「…おい、待てよ。いつから…!?お前そんな大事なこと…!」
「大分前から。それはいいから、ユノ早く」
「あ、は、はい」
固まっていたユノは、声をかけられ慌てて彼に近づいた。
タオルに目線を落とし、反応しない蒼い瞳を見てから、ギュッと白い柔らかいそれを握り締める。
「痛くても我慢してくださいね」
「えー、あんまり乱暴にしないでよ」
ふざけた物言いの上司に何だか複雑な気分になる。
しかしそんな表情も今彼には見えていないのだ。
赤く染まっていくタオルを見ながら、ユノは悔しくなって唇を噛んだ。
(…どうして言ってくれなかったの)
どうして。
どうして、
──…気付かなかったの、私。
「…終わりました」
「ん、…ほんとだ。

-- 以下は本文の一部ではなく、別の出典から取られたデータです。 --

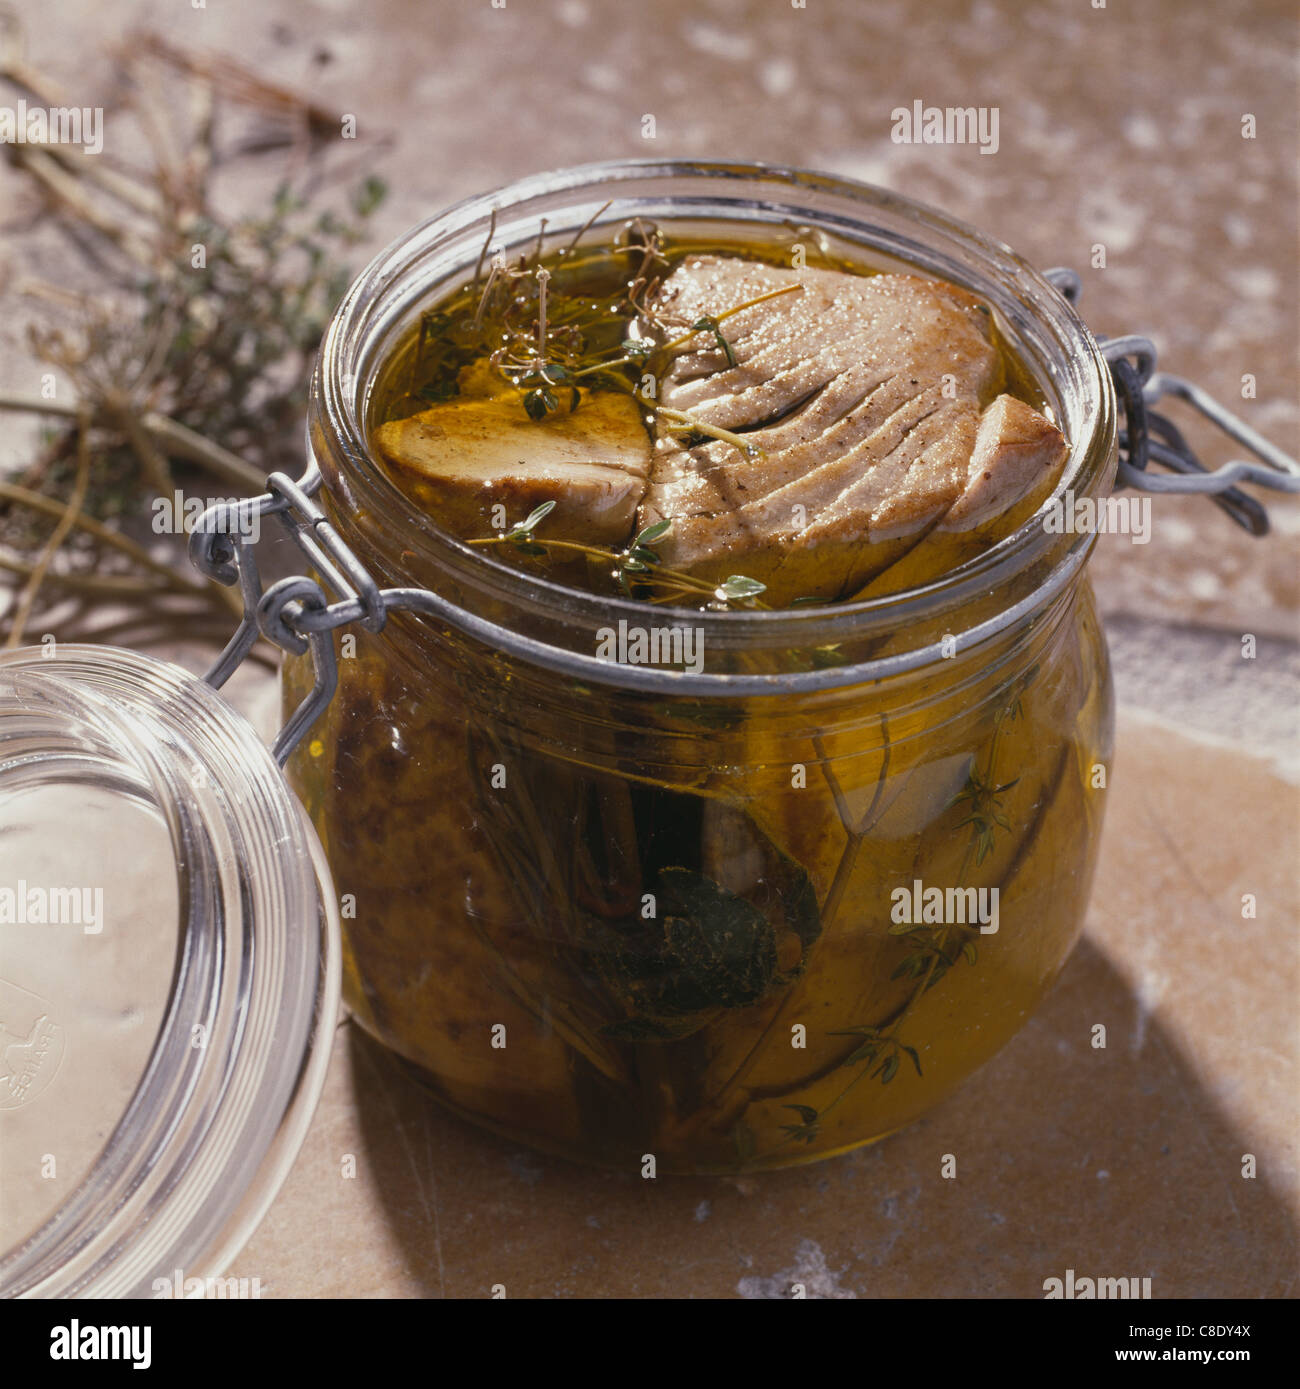 Tuna marinated in olive oil with herbs Stock Photo

ありがと、ユノ」
消毒もして、額の切り傷にガーゼと包帯も宛てて。
全部終わってから、ユノはブロードに言った。
左目を開けた本人は、嬉しそうに笑って礼を言う。
「包帯似合う?」
「馬鹿言わないで下さい。アサギさん」
「あぁ。出てもらおうと思ってたけど…無理だな」
こちらも複雑そうに部下を見て、大きく溜め息をついた。
そんな上司を見上げ、ブロードは首を傾げる。